When I shifted from teaching middle school to facilitating professional development and later teaching at the university, I had to change how I built a learning community. I knew I wanted the same relational outcomes, and experimented a lot to find what worked best. Our relationships with adult learners require nuance: Students might be at different developmental levels in teacher preparation, but they are all human, which means care, compassion, and authentic relationships are necessary to optimize learning (Hattie, 2009; 2012).

The acronym N.E.A.R. communicates a few tips that help me kickstart relationships with adult learners.

Notice. Even students who are content to mostly listen, take notes, or let others lead in group activities need to be noticed.

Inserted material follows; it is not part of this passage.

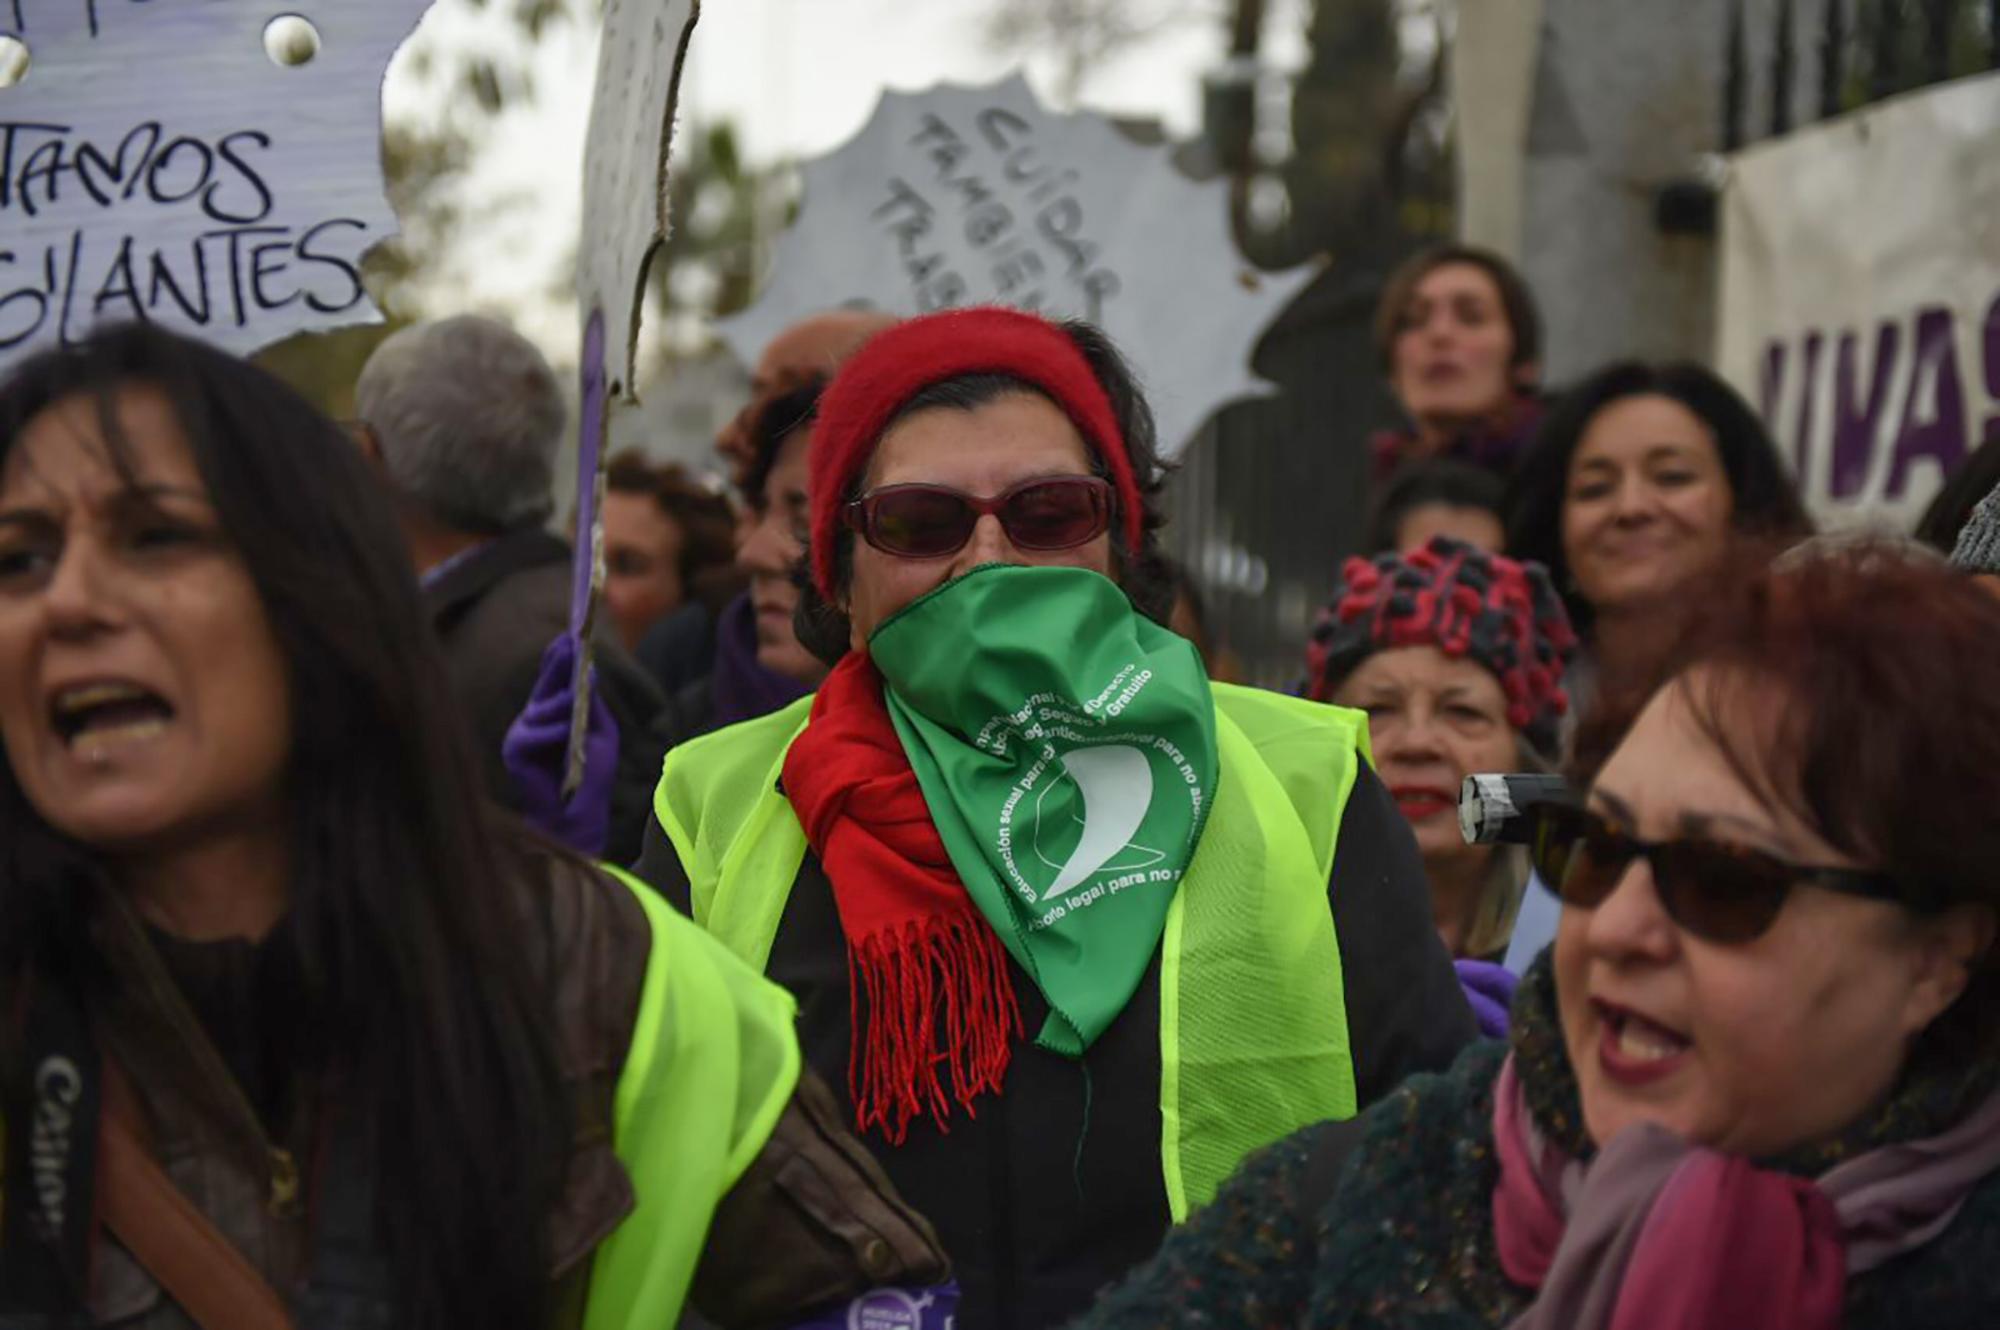 Concentracion feminista en el Parlamento andaluz 3

  • Memorize names. Prior to each semester, I use campus resources to pull up student photos. When they walk into class on the first day, I greet students by name. Even when I forget a few, it models building a culture of learning, and the “wow, you took time to memorize our faces!” never loses its power.
  • Pay attention to culture: tattoos, stickers on water bottles and computers, phone cases, interesting snacks. Students show us who they are; we just need to listen.
  • Arrive to class early enough to log into the teaching station and set up before students arrive. This frees up time to notice students as they trickle in.

Engage. Find ways to share your story. My students are hungry for stories from the field. They want to know my worst management nightmare, if a lesson I taught ever bombed (I’ve lost count), how to solve a colleague disagreement. Last week I shared my school picture as a first year teacher. After making fun of my 90s hair and the gold threads in my fitted vest, they realized we all start in the same place, and their fears are safe with me.

Accept. We are the adults (even though most of them are, too). We need to accept responsibility for leaning in, building up, and making connections. Sometimes I get stuck in “should”: they should be on time, they should not ask to meet at the last minute. Shoulds lead to assumptions that can irritate a relationship. Make the first move.

Relate. I received an eloquent letter of apology once from a student who forgot to upload documentation of a taught lesson. She offered to accept a grade reduction and promised it would never happen again. Here’s what I told her: Last week I had a day that was so crazy I didn’t look at my calendar. When I did finally look, late into the evening, I realized I missed a phone interview with a new student. I didn’t call. I didn’t even know I didn’t call. There will be no grade reduction; thank you for your professionalism

We are human, and if I insist on penalties for being human, I raise a barrier to relationship.

In discussing the Ethic of Care, Nel Noddings (2002) notes that caring for others is more about what we do than how we feel. People know we care when we are attentive, when we stay near. Last tip: Attend to student relationships. Plan ways to Notice, Engage, Accept, and Relate with as much intention as you plan the content in your courses.